Something many of us at MathWorks find interesting about the results above is that the performance was then measured in Megaflops (10^6 floating point operations per second), thousands of times slower than the Gigaflops (10^9 flops) we expect from even the most modest laptop today.  Earlier this year we entered a new era of computing when the Frontier supercomputer demonstrated that it could operate at 1 Exaflop (10^18 flops).

Two libraries, many implementations

One thing to know about BLAS and LAPACK libraries is that there are many implementations of them.  The so-called reference BLAS and LAPACK define the user interfaces and give easy to read, unoptimized implementations of each of the operations.

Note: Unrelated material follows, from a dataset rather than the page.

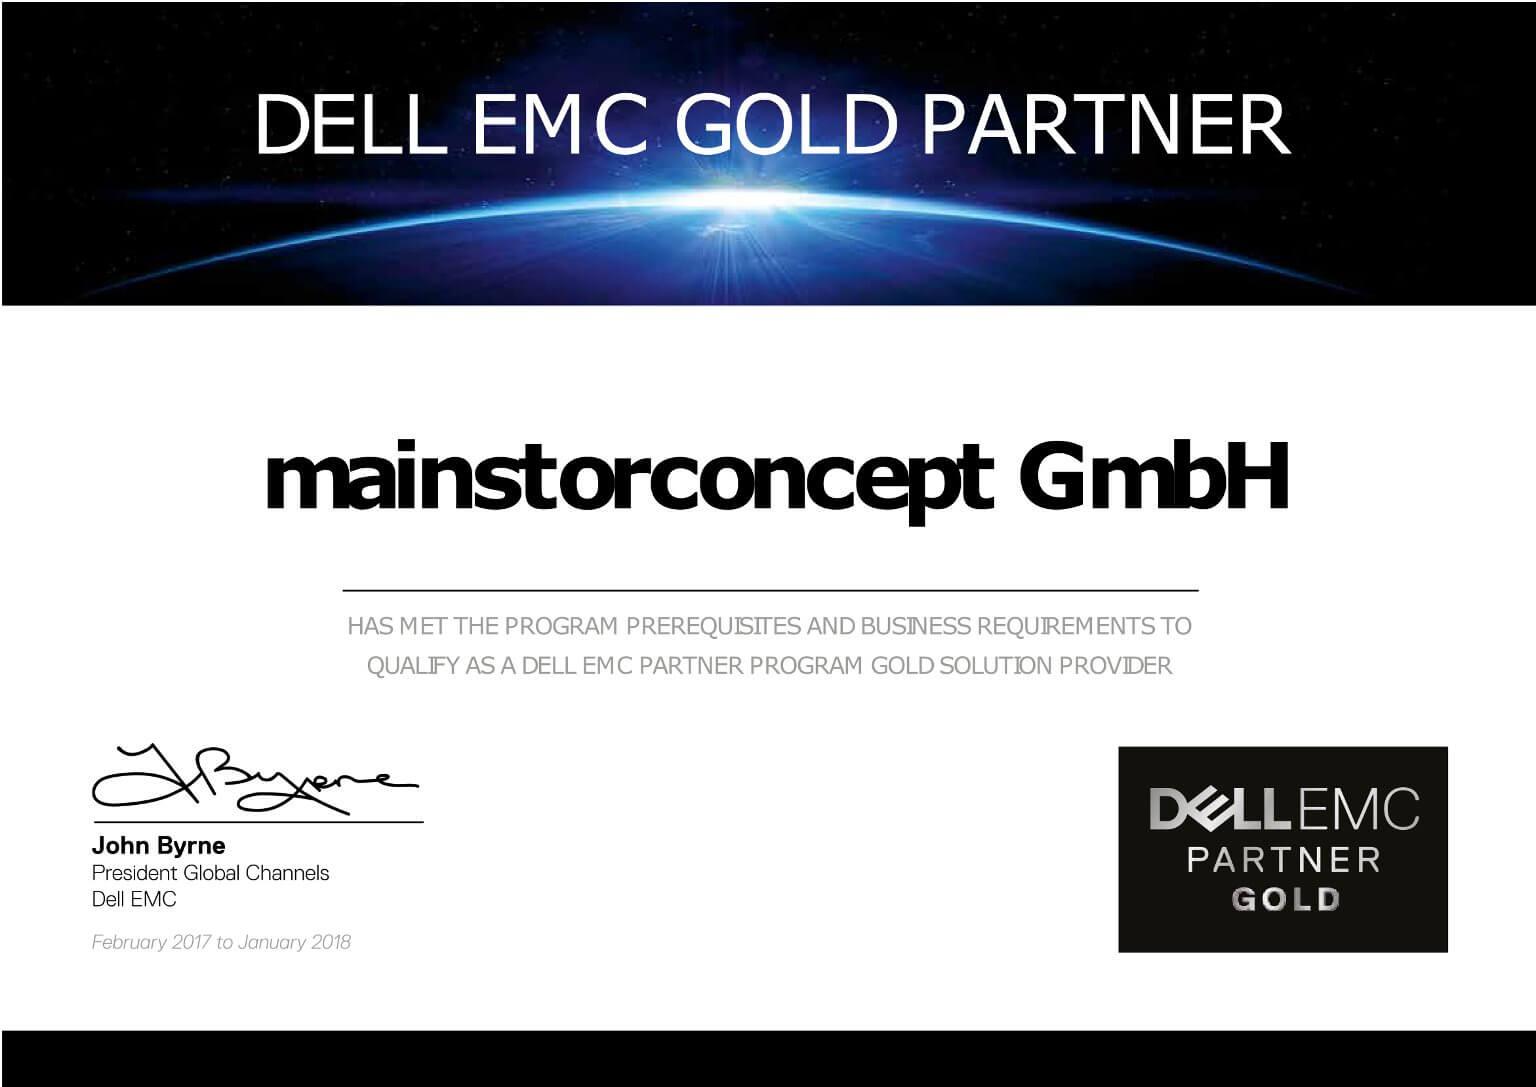 dell emc certificate

Different groups produce optimized implementations of these libraries using various strategies.  I mentioned one example, OpenBLAS, in my post about the R2022a Apple Silicon beta version of MATLAB.  Another example is Intel’s Math Kernel Library (MKL) which, as the name suggests, is a library from Intel that provides highly optimized versions of BLAS and LAPACK for their hardware.

Intel MKL has been MATLAB's provider of BLAS and LAPACK for a long time now.  In MATLAB R2022a, for example we have

>> version -lapack ans = 'Intel(R) oneAPI Math Kernel Library Version 2021.3-Product Build 20210611 for Intel(R) 64 architecture applications (CNR branch AVX512_E1) supporting Linear Algebra PACKage (LAPACK 3.9.0)' >> version -blas ans = 'Intel(R) oneAPI Math Kernel Library Version 2021.3-Product Build 20210611 for Intel(R) 64 architecture applications (CNR branch AVX512_E1)'

MKL works just fine on AMD processors as well but some of our users have been asking for official support for AMD's own accelerated implementations of these libraries.  Called the AMD Optimizing CPU Libraries, or AOCL for short, these are developed by AMD and targeted at their own hardware although, as with Intel MKL, they work on both AMD and Intel hardware.

AOCL is optionally available in MATLAB from R2022a

As of R2022a, we have started shipping AOCL with MATLAB but it is not activated by default.  Changing the default version of anything is not something MathWorks does lightly.  As such, R2022a continues to use MKL by default but users of both Intel and AMD hardware (On Windows and Linux) are able to switch to using the version of AOCL that has passed MathWorks qualification testing.

Instructions for making the switch are given on this MATLAB Answers post.

The reason you might do this, of course, is speed.  It may be the case that AOCL is faster than MKL for some operations and we are interested in hearing from you if this is the case.  Of course we are also very interested in learning of any problems you encounter in trying this out.

What performance differences can you expect to see?

You should only expect to see performance differences in functions that make use of linear algebra.  Any potential differences will depend on factors such as type of operation, matrix size and structure and exactly which CPU you are using.

It is not necessarily the case that one library always outperforms the other on any given piece of hardware.  For example, using the script laBench.m, and running on an Azure D16ads_v5 instance that exposes 8 cores of an AMD EPYC 7763 I found the following timings for 10,000 x 10,000 matrices:

Intel MKL results (best of 3)
  • Matrix Multiply time is 5.60s
  • Cholesky time is 1.07s
AMD AOCL results (best of 3)
  • Matrix Multiply time is 5.31s
  • Cholesky time is 1.22s

So Matrix-Matrix multiplication is faster on this hardware using AOCL but Cholesky decomposition is slower for this matrix size.